Diffraction Imaging and SPED

MerlinEM detectors offer unique opportunities for electron diffraction imaging. The simultaneous high dynamic range, high frame rate and ability to count single electrons massively expand the usefulness of this very established set of techniques. On top of this, the MerlinEM is radiation safe even at 300kV so there is no need to use a beam stopper.

What is Diffraction Imaging and SPED?

Electron diffraction is one of the most useful techniques in TEM. Crystallographic information about the structure, composition of the sample and defects within it can be obtained with a few orders of magnitude better resolution than other techniques. The diffraction patterns from thin crystalline materials consist of very high-intensity peaks due to Brag scattering, however, with a very sensitive detector, scientists can recover signals from defects, inelastic scattering, diffuse scattering and others. If the detector is not only sensitive but also fast, diffraction tomography and precession methods become more practical.

Maximising information from diffraction experiments

One of the key advantages of electron diffraction with a parallel probe is that it can be done with a very small electron dose. In this case, a relatively larger area defined by aperture is illuminated and diffraction image collected. One of the disadvantages of the technique was that microscopists had to manually select a small area of the sample from which to collect the diffraction patterns. However, the development of fast framing detectors such as MerlinEM in recent years made collections of scanning diffraction datasets with parallel illumination highly attractive. The illustration image is an example of such a dataset (it can be argued that this is also an example of a 4D-STEM technique). In this case, diffraction patterns from a larger area of the sample were averaged and used to determine what crystallographic structure was responsible for a loss of efficiency of halide perovskite materials solar cell materials now published in Nature (link below).

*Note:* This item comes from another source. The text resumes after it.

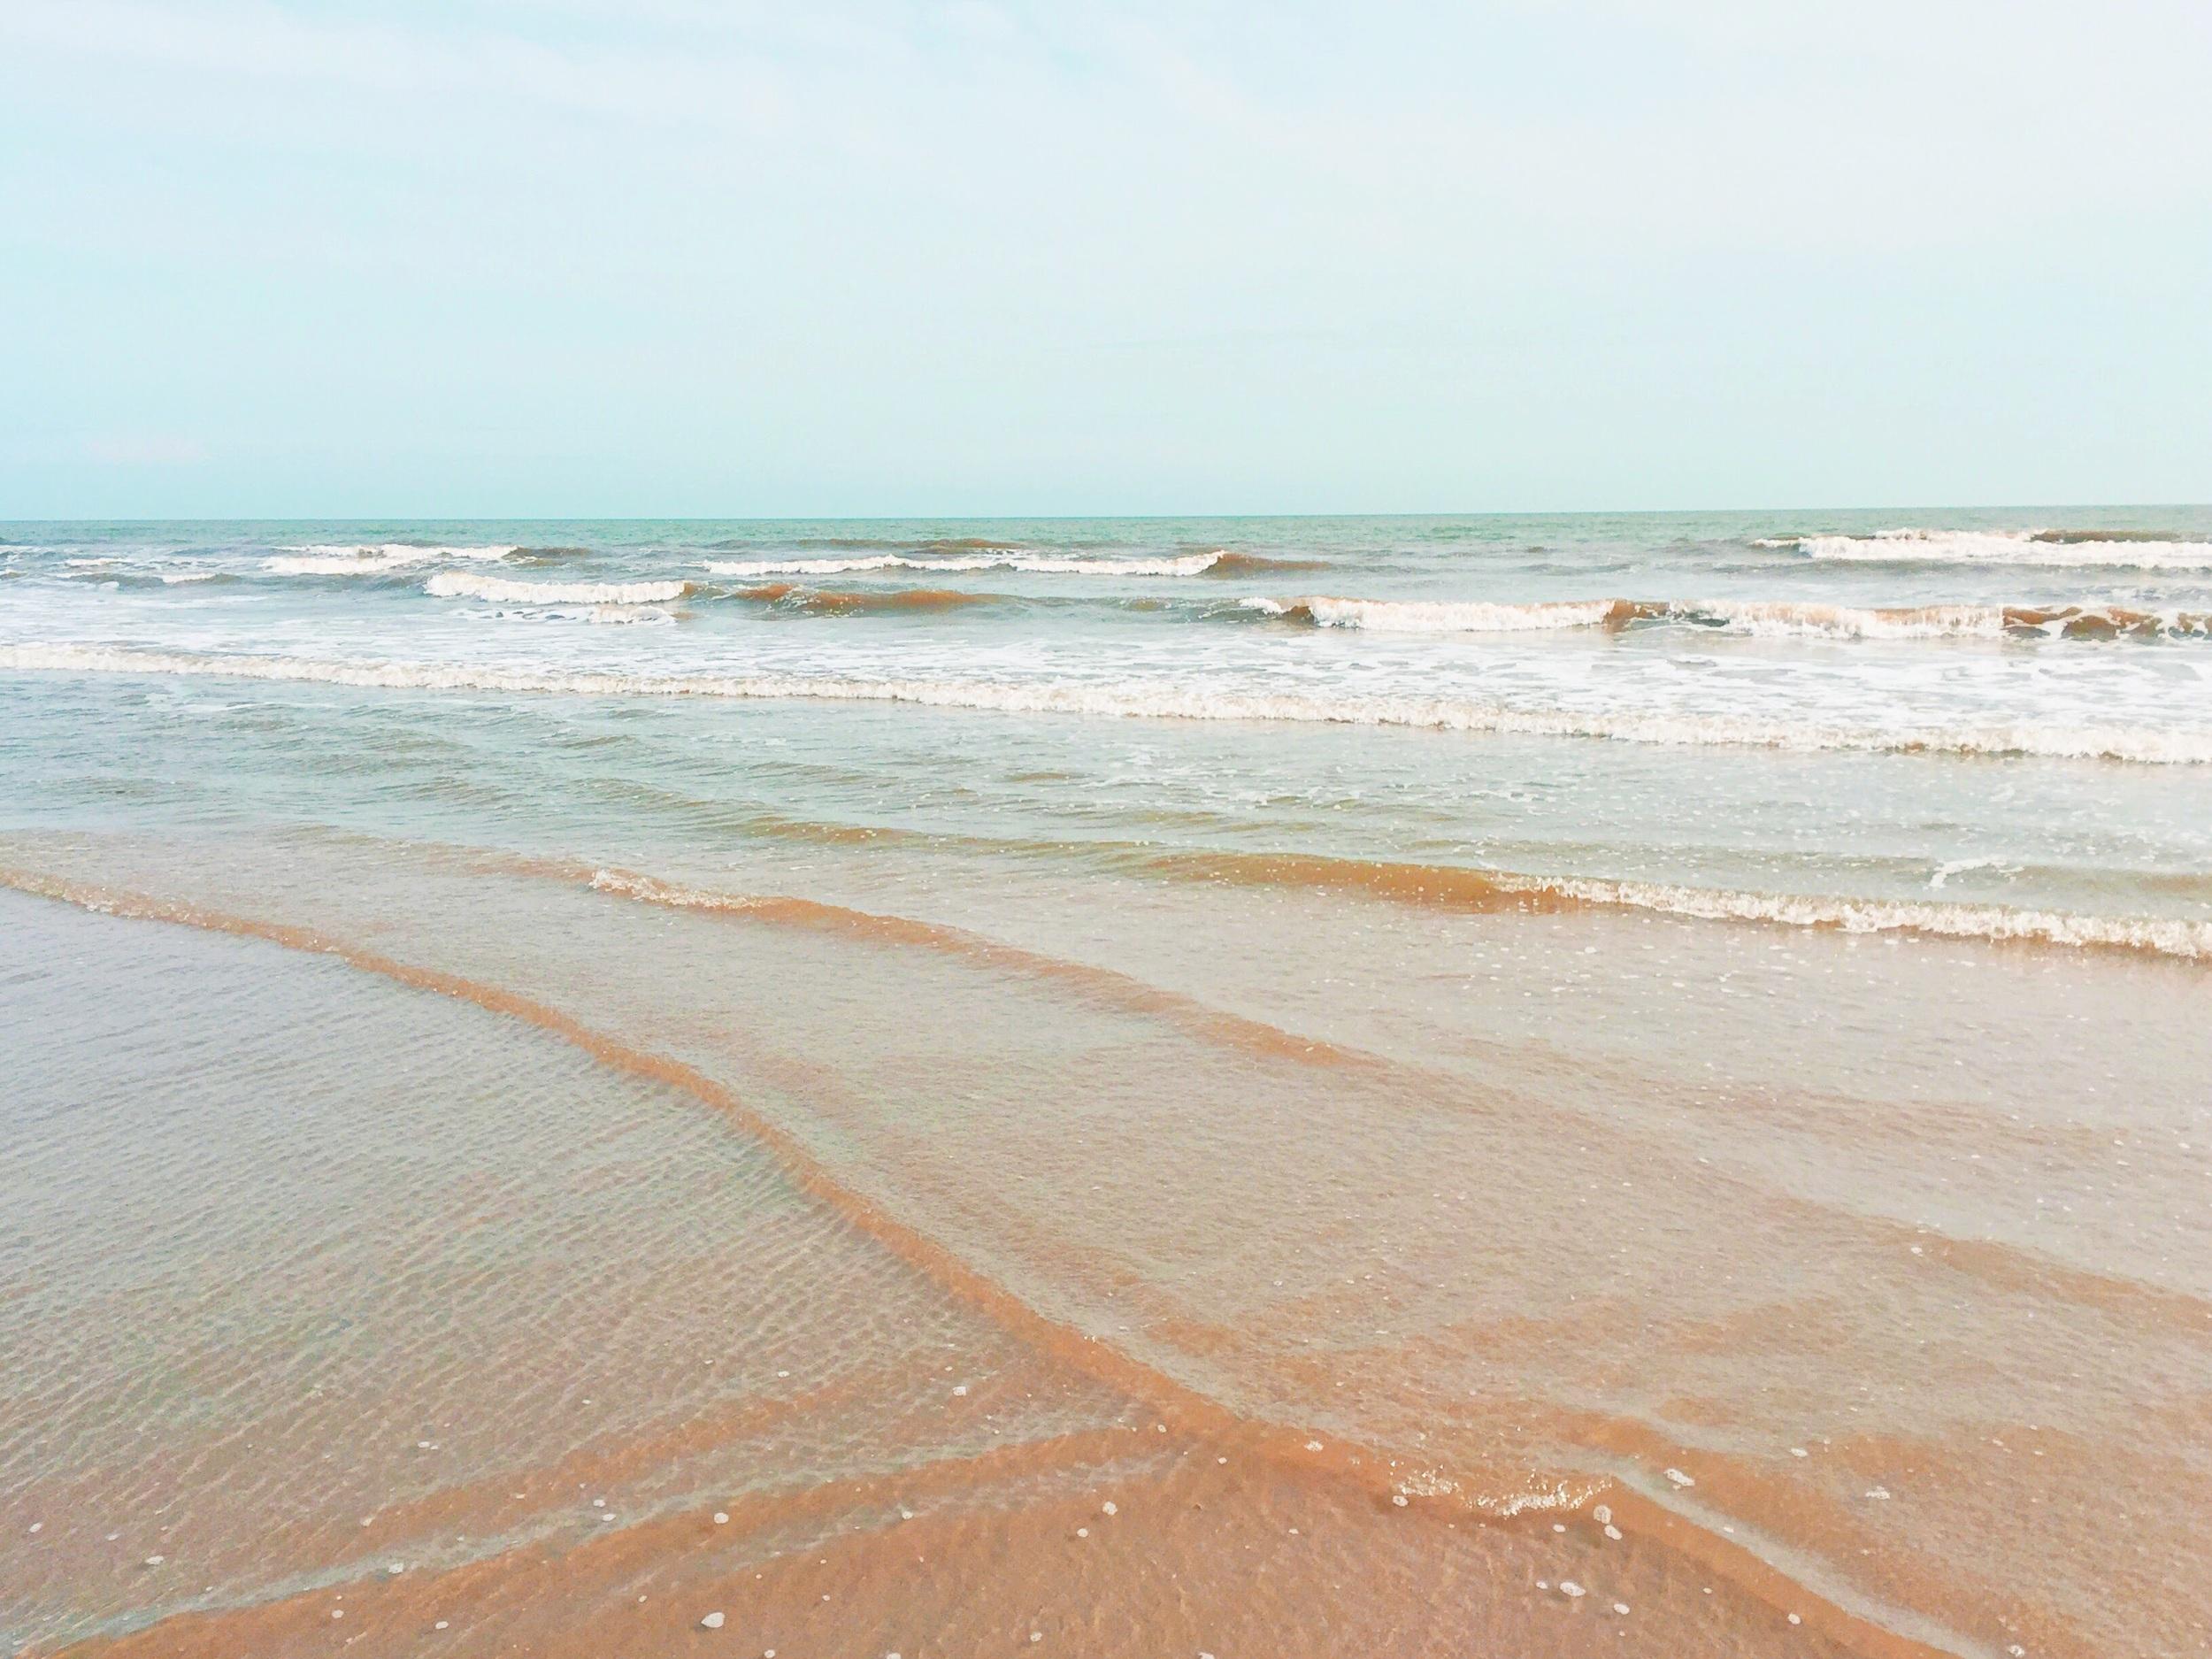 beach-ocean-waves

[Obtained under CC BY 4.0 licence from Supporting Data repository, Doherty, TAS. et al, Nature 580.7803 (2020): 360-366.]

Precession for easier interpretation

Interpretation of electron diffraction experiments can be difficult for samples with strong dynamic diffraction effects – specialist multistep simulations are usually required. Because the dynamic diffraction is very angle and orientation sensitive, beam precessing techniques were developed to help with overcoming the problem. By precessing the electron beam over a particular spot of the sample, the dynamic contribution to the diffraction can be averaged out and the data will mostly correspond to a kinematical pattern which is interpretable with direct reconstruction methods. As mentioned before, the characteristics of the MerlinEM detector are very applicable in diffraction imaging and precession diffraction experiments are not an exception. NanoMEGAS, the provider of precession diffraction solutions, has integrated MerlinEM detector to their toolkit which allows users to collect faster and more detailed precession and orientation maps of their sample. In the image on the right, we show a comparison of the conventional camera mapping and mapping using the MerlinEM direct electron counting detector demonstrating the enhancement available to our users.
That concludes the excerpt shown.